Mosimien
« Les débuts furent durs en 1931 dans la vieille masure chinoise où l’on s’installait. Il fallut construire à grande fatigue, faisant venir de loin le matériau de construction porté à dos d’hommes. Les lépreux, à cette époque, se jetaient dans le torrent pour éviter d’être brûlés vifs ou enterrés vivants par leurs familles auxquelles ils inspiraient de l’horreur. Dès les premiers jours, ils furent trente et un qui sortirent des antres secrets de la montagne.
Dans la région se colportaient des faits lugubres. On prétendait que les Tibétains de l’autre côté de la frontière faisaient des incursions pour enlever des prisonniers qu’ils torturaient à plaisir. De là à raconter que les religieuses recueillaient les lépreux dans un but diabolique, il n’y avait qu’un pas, car enfin, quels avantages avaient-elles à ramasser ces déchets d’humanité ? Un incident en dit long sur l’état d’esprit de leurs voisins.
Un certain jour de printemps, un malade arrive péniblement sur ses moignons sanglants. Il pleure et ne dit mot. Le croyant muet, les religieuses le conduisent avec les autres hanséniens. Sa langue se délie, il s’explique : « Les gens disent que les Sœurs prennent les lépreux pour les tuer, alors je suis venu… » (tous rient). « Et tu n’as pas peur de mourir ? » « Non, justement c’est pour cela que je viens. » (l’hilarité redouble). « Mais qu’est-ce que tu crois donc ? Que nous aussi nous sommes venus pour nous faire tuer ? »

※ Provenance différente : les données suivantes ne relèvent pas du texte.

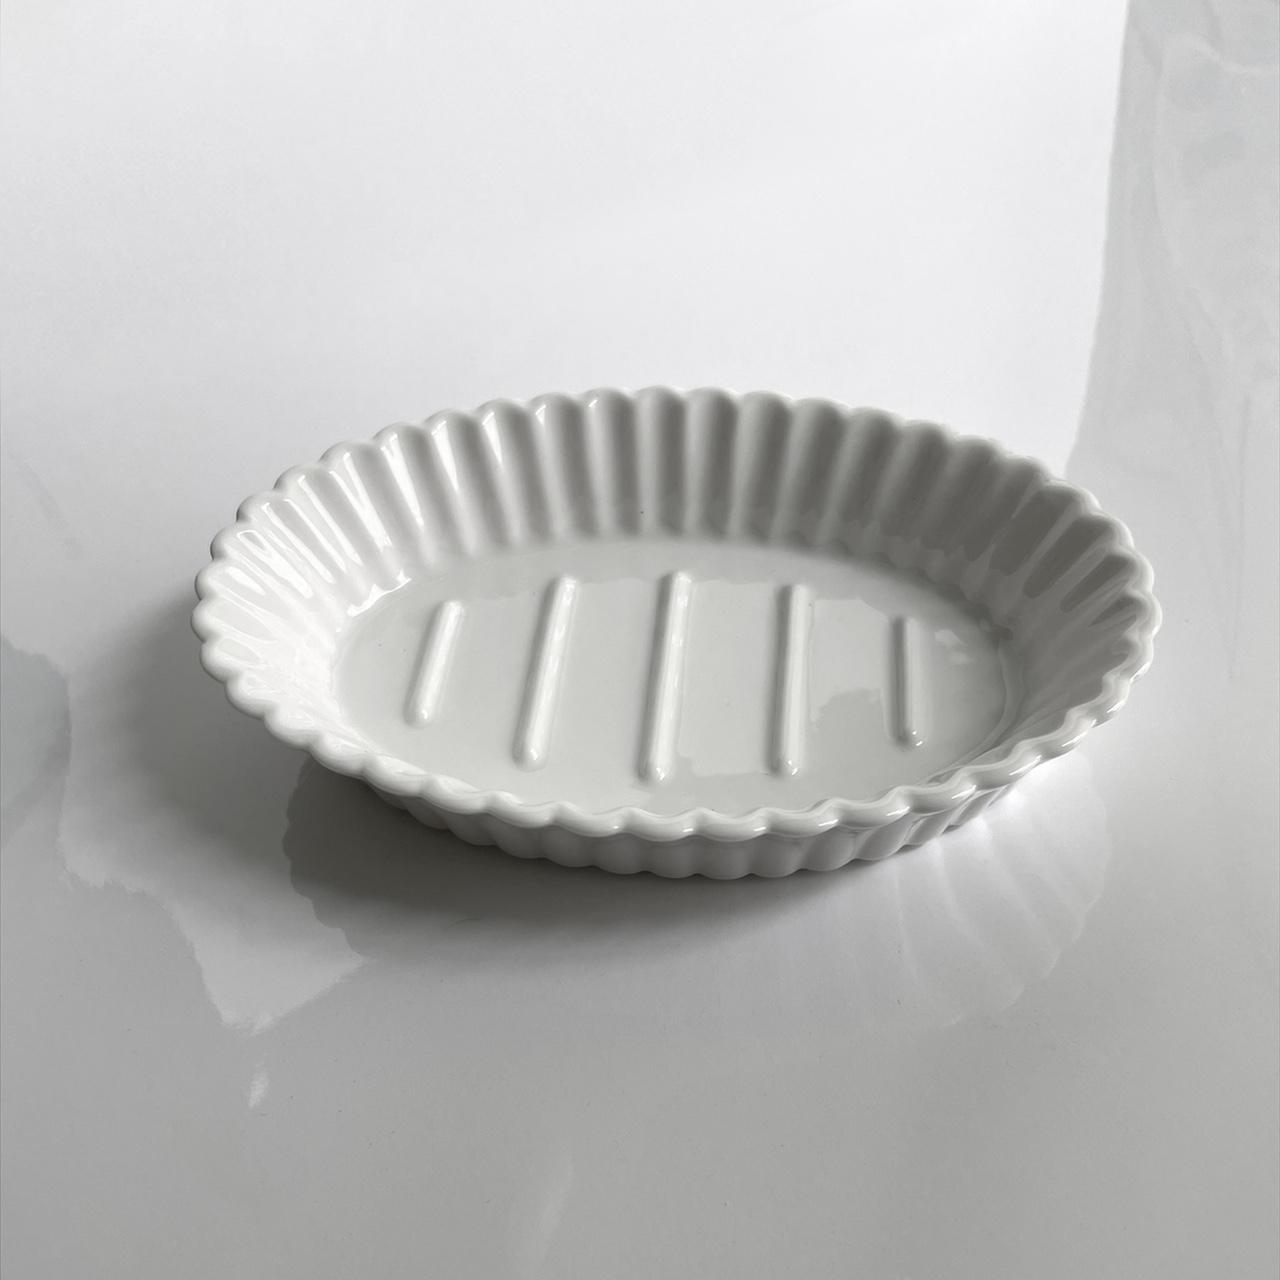 Product Image 1 - 🐚 Ceramic soap dish in

Les mines joyeuses de ses nouveaux compagnons rassurent le pauvre homme qui se tourne vers la religieuse présente : « Sieou Tao, si vous laissiez les lépreux revenir chez eux, on ne dirait plus que vous les tuez pour en faire des médicaments. » « Peut-être, réplique Thui Hong au visage ravagé, mais comment nous recevrait-on ? »
Il n’oublie pas ce qui est arrivé à Kin qui, après dix jours de marche, se tenait le cœur battant devant chez lui pour y passer quelques jours. Ses frères l’accueillirent par ces mots : « Si tu restes ici, tu seras brûlé vif !… » Le pauvre Kin avait repris son bâton de voyageur, le cœur meurtri. Sur la porte son vieux père pleurait.
En cours de route, le malheureux avait été invectivé : « Si tu reviens, malheur à toi !… »
Il est vrai que le lépreux des Marches du Thibet étaient particulièrement atteints. A la fin d’une longue tournée dans les centres hanséniens de tout l’Extrême-Orient, un léprologue arrivant à Mosimien avait déclaré : « Nulle part je n’ai vu de malades aussi décomposés que ceux de ces régions. Ce sont tous des incurables, on ne peut qu’essayer de les soulager. » Les premiers malades reçus avaient traîné leur mal pendant plus de vingt ans parfois. Le climat excessif, l’âpreté de la vie, l’ignorance ou l’impossibilité de la moindre hygiène faisaient des ravages incroyables, à tel point que les membres restaient en état de décomposition permanente et qu’il était impossible de distinguer d’après les visages s’il s’agissait de femmes, d’hommes ou d’enfants.
En 1931, quatre religieuses européennes tinrent héroïquement envers et contre tout : elles finirent par gagner la confiance des habitants, parvinrent à construire une vraie chapelle, une vraie léproserie avec dispensaire, puis recueillirent des enfants abandonnés.
Ce que Marie Chrysanthe découvre à sa venue n’a plus rien de comparable, mais la vie reste dure quand même et il est difficile de trouver ce qu’il faut pour la nourriture, le vêtement, le confort relatif des malades. Le « toit du monde » est aussi le « bout de la terre. » »
Extrait tiré de « VOLONTIERS Le mot-clé d’une étonnante aventure missionnaire – Marie Chrysanthe de Jésus (1894-1963) (Felicie von Hurter) par Marie Bernard F.M.M. – Imprimatur Paris, 15 mars 1966 – J. Hottot – Imp. Francis. Missionnaire 16, avenue de clamart 92 – Vanves – 1970 (2ème éd.)